* [Assignment]
Among the lines below, the one containing "10th Anniversary 10K Ruck March T-shirt" opens the range and the one containing "Обложка игры Slay the Spire" closes it. Print that range exactly, without the pictures.

* [Dataset records]

————————

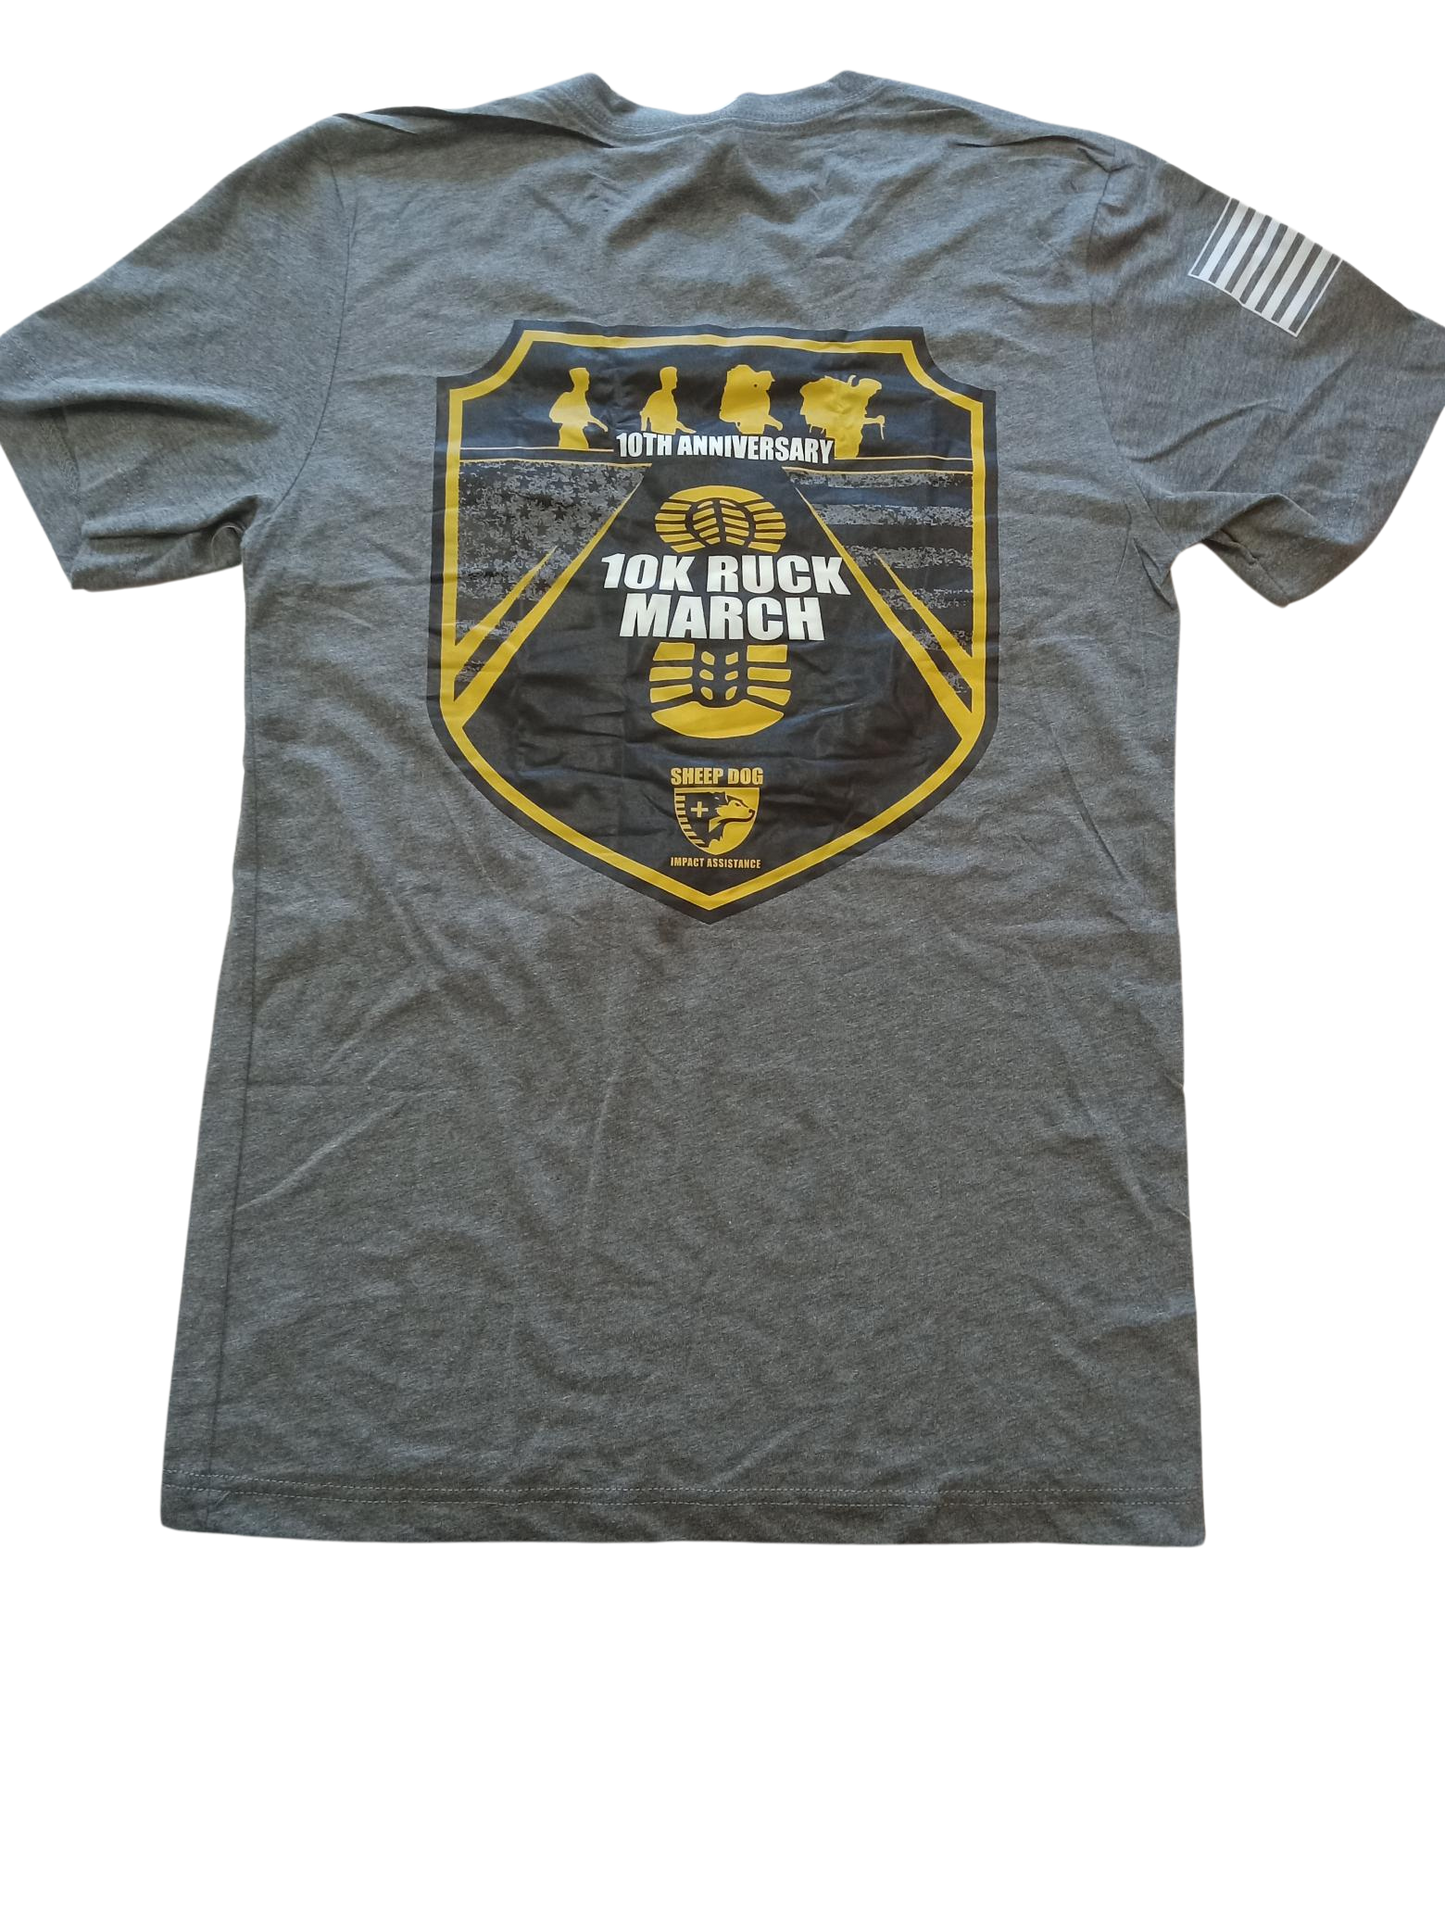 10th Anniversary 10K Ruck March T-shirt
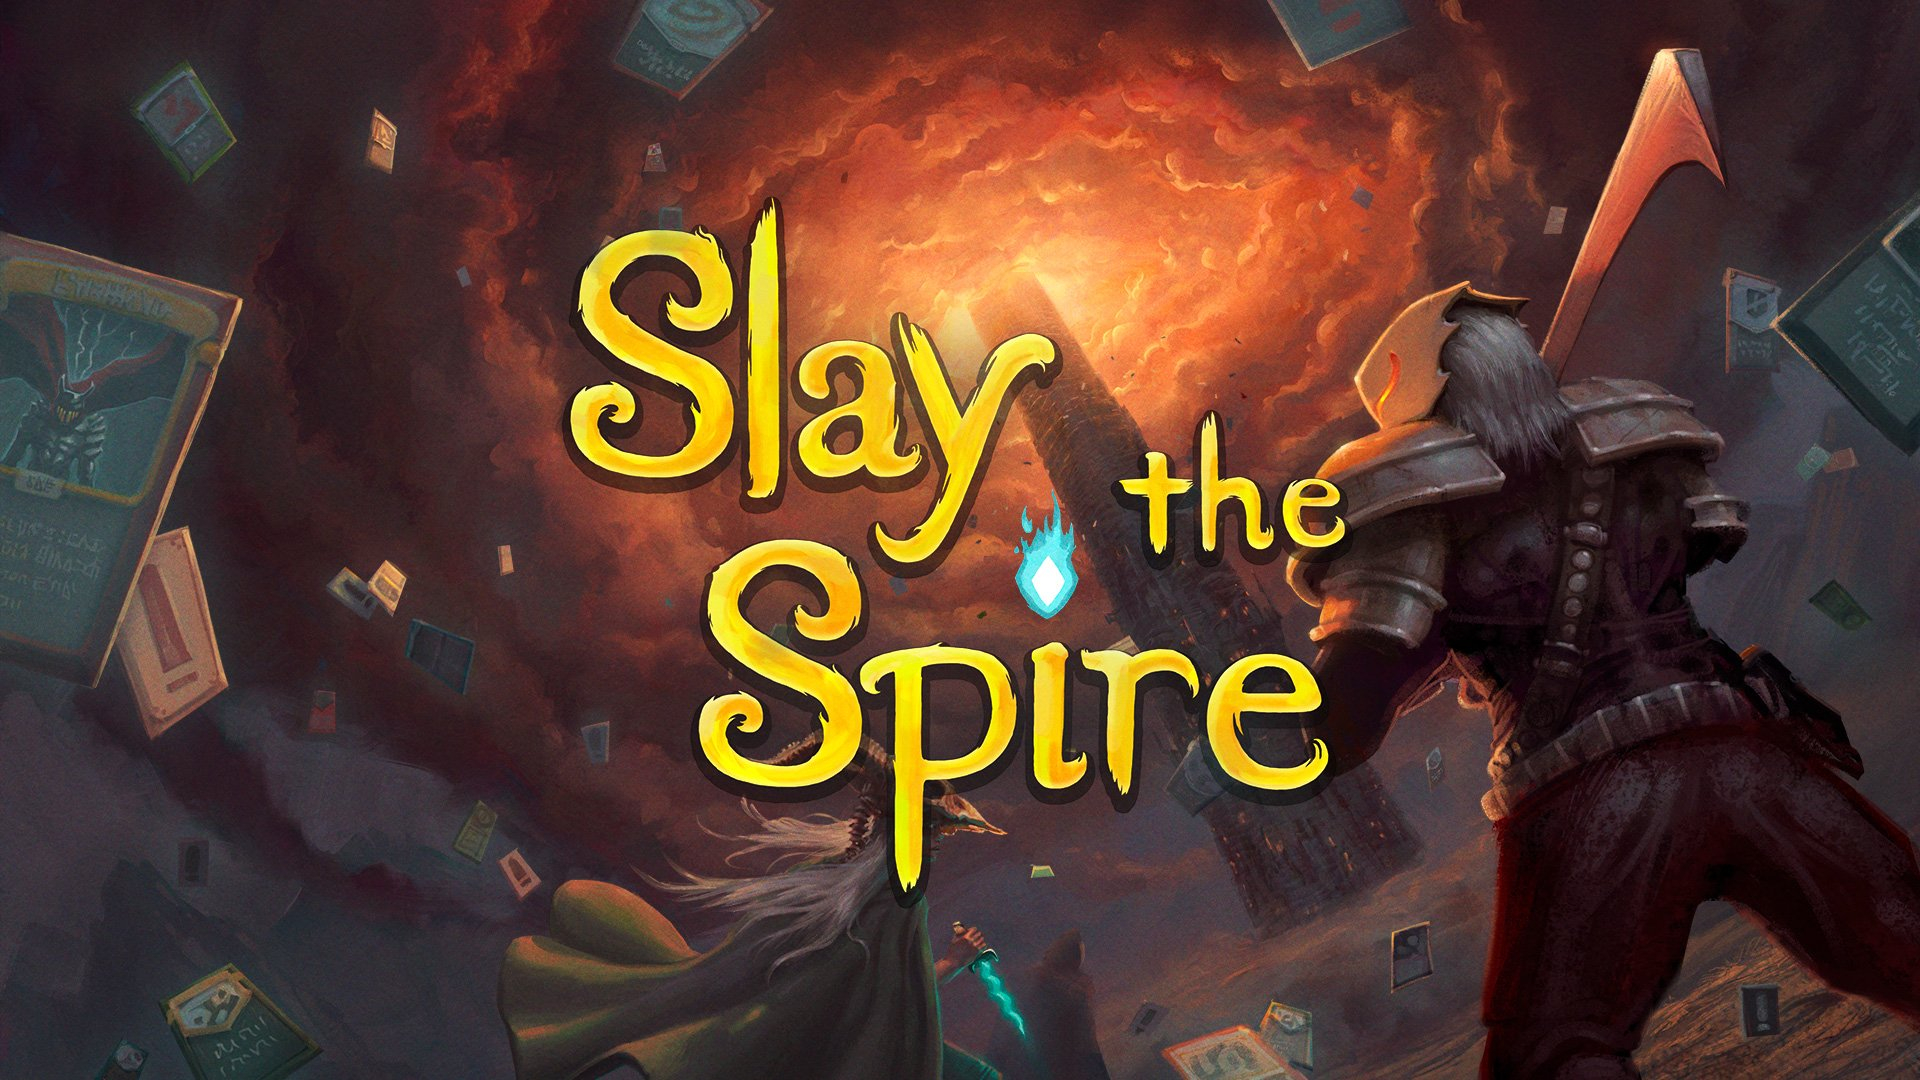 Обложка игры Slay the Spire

————————

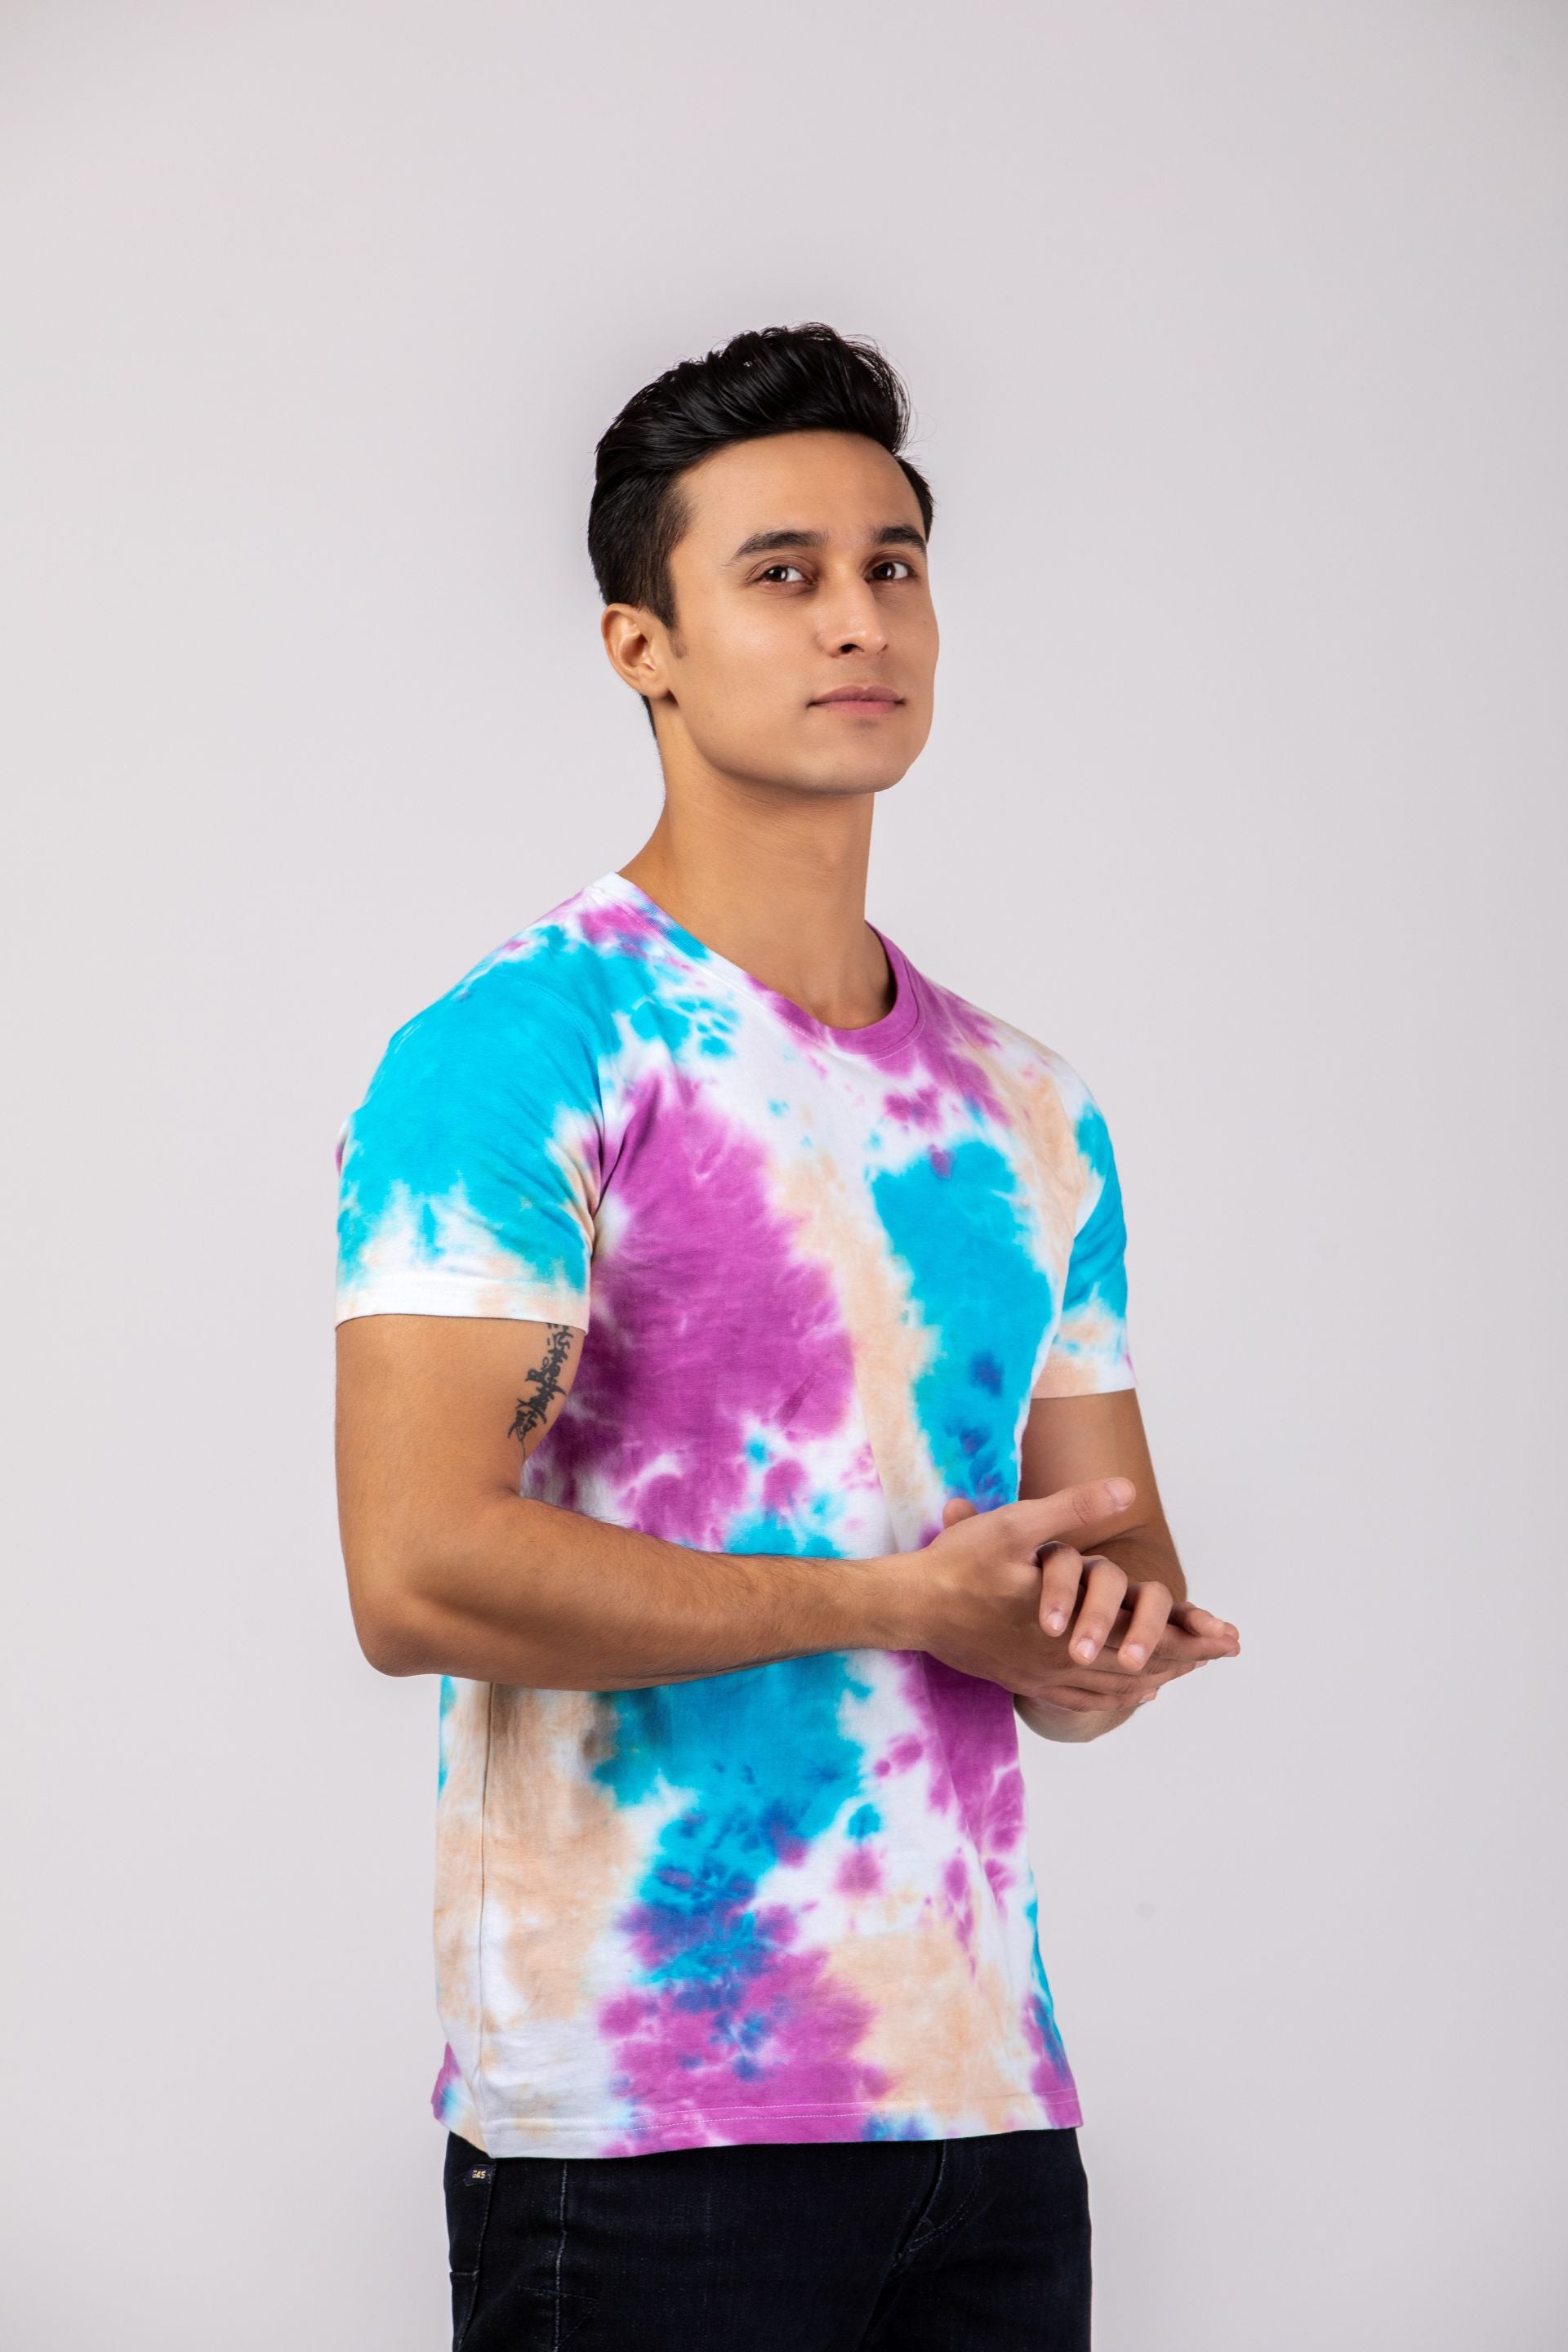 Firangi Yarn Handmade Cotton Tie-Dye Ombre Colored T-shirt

————————

* [Task output]
 10th Anniversary 10K Ruck March T-shirt
 Обложка игры Slay the Spire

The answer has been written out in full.